生理が始まる時期は、エストロゲンとプロゲステロン(黄体ホルモン)の分泌量がともに低い状態です。ニキビは月経前よりは落ち着いてくることが多いですが、生理に伴う体調不良やストレスが肌に影響することもあります。

👴 卵胞期(生理後〜排卵前)

生理が終わるとエストロゲンの分泌が増加し始めます。この時期は肌のコンディションが最もよくなりやすく、皮脂分泌が抑えられてニキビができにくい時期です。「生理後は肌がきれいになる」と感じる方が多いのは、このエストロゲンの働きによるものです。

🔸 排卵期

排卵の直前にはエストロゲンが最大値に達し、肌の状態が良好を維持します。ただし、排卵後はプロゲステロンの分泌が増加し始めるため、この時期から徐々に肌荒れが起きやすくなることがあります。

💧 黄体期(排卵後〜次の生理前)

この時期はプロゲステロンの分泌が増加し、相対的にエストロゲンの作用が弱まります。プロゲステロンには皮脂分泌を促進する働きがあるとされており、毛穴が詰まりやすくなります。また、男性ホルモンに似た作用も持つことから、ニキビが最も悪化しやすい時期です。「生理前になるとニキビができる」という方の多くは、この黄体期のホルモン変動が影響しています。

このように生理周期に合わせてホルモンが変動することを理解しておくと、ニキビが悪化しやすい時期を予測して、事前にケアを強化するなどの対策を取りやすくなります。

⚠️ 思春期・大人ニキビとホルモンの違い

ニキビは思春期だけの問題ではなく、20代・30代・40代と大人になっても悩む方が増えています。思春期のニキビと大人のニキビでは、ホルモンの関与の仕方に違いがあります。

✨ 思春期のニキビ

思春期(10代〜20代前半)には、成長に伴い男性ホルモン(アンドロゲン)の分泌が急激に増加します。これにより皮脂腺が発達・活性化して皮脂分泌が増加し、おでこ・鼻・頬といった顔全体にニキビが広がりやすくなります。背中や胸にもできることがあります。
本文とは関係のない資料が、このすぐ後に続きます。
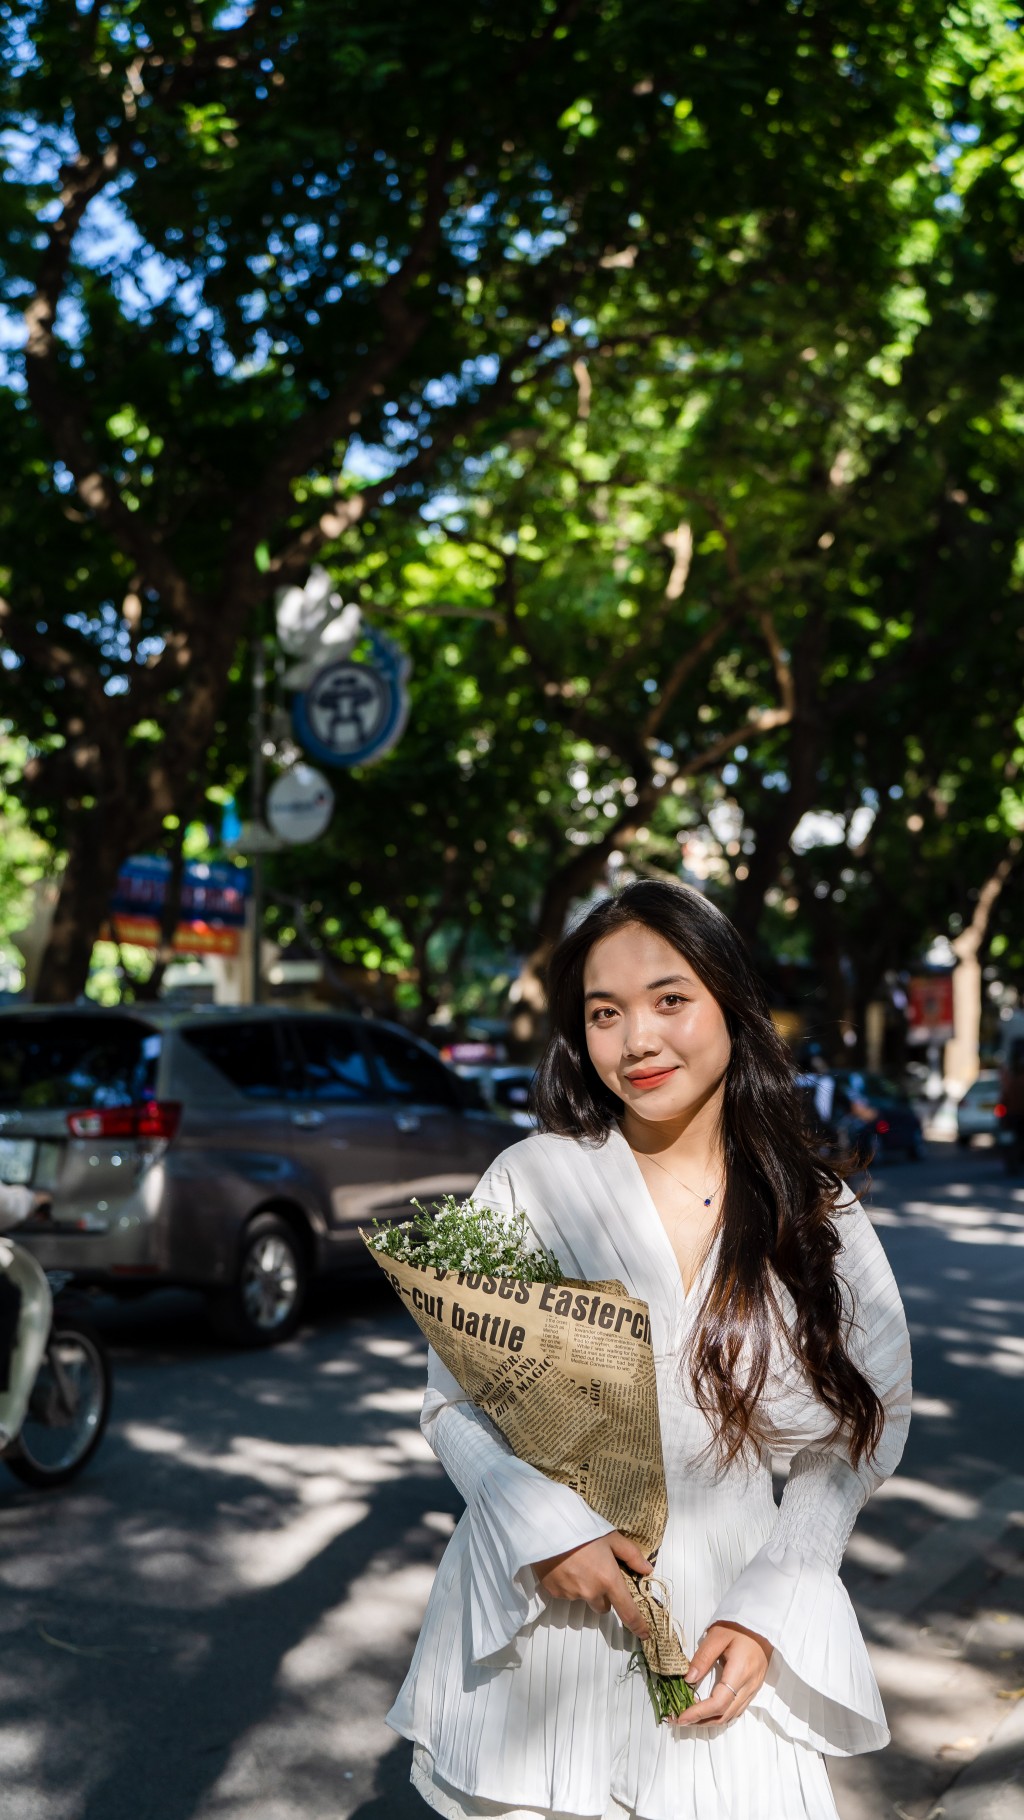 Chụp ảnh áo dài tại Đường Phan Đình Phùng năm 2023 - Hướng dẫn và lời khuyên

思春期ニキビは男女ともにホルモンの急激な変化が主な原因であり、成長とともに自然に改善することが多いですが、適切なケアをしないと炎症が強まりニキビ跡が残ることがあります

📌 大人ニキビ(20代以降)

大人ニキビは、思春期のような急激なホルモン変化というよりも、ストレス・睡眠不足・食生活の乱れ・生理周期などによるホルモンバランスの慢性的な乱れが影響しています。あご・口周り・フェイスライン・首など下顔面に集中してできやすく、皮膚の奥深くで炎症が起きる硬いニキビが特徴です。思春期ニキビと比べると、炎症が長引きやすく治りにくい傾向があります。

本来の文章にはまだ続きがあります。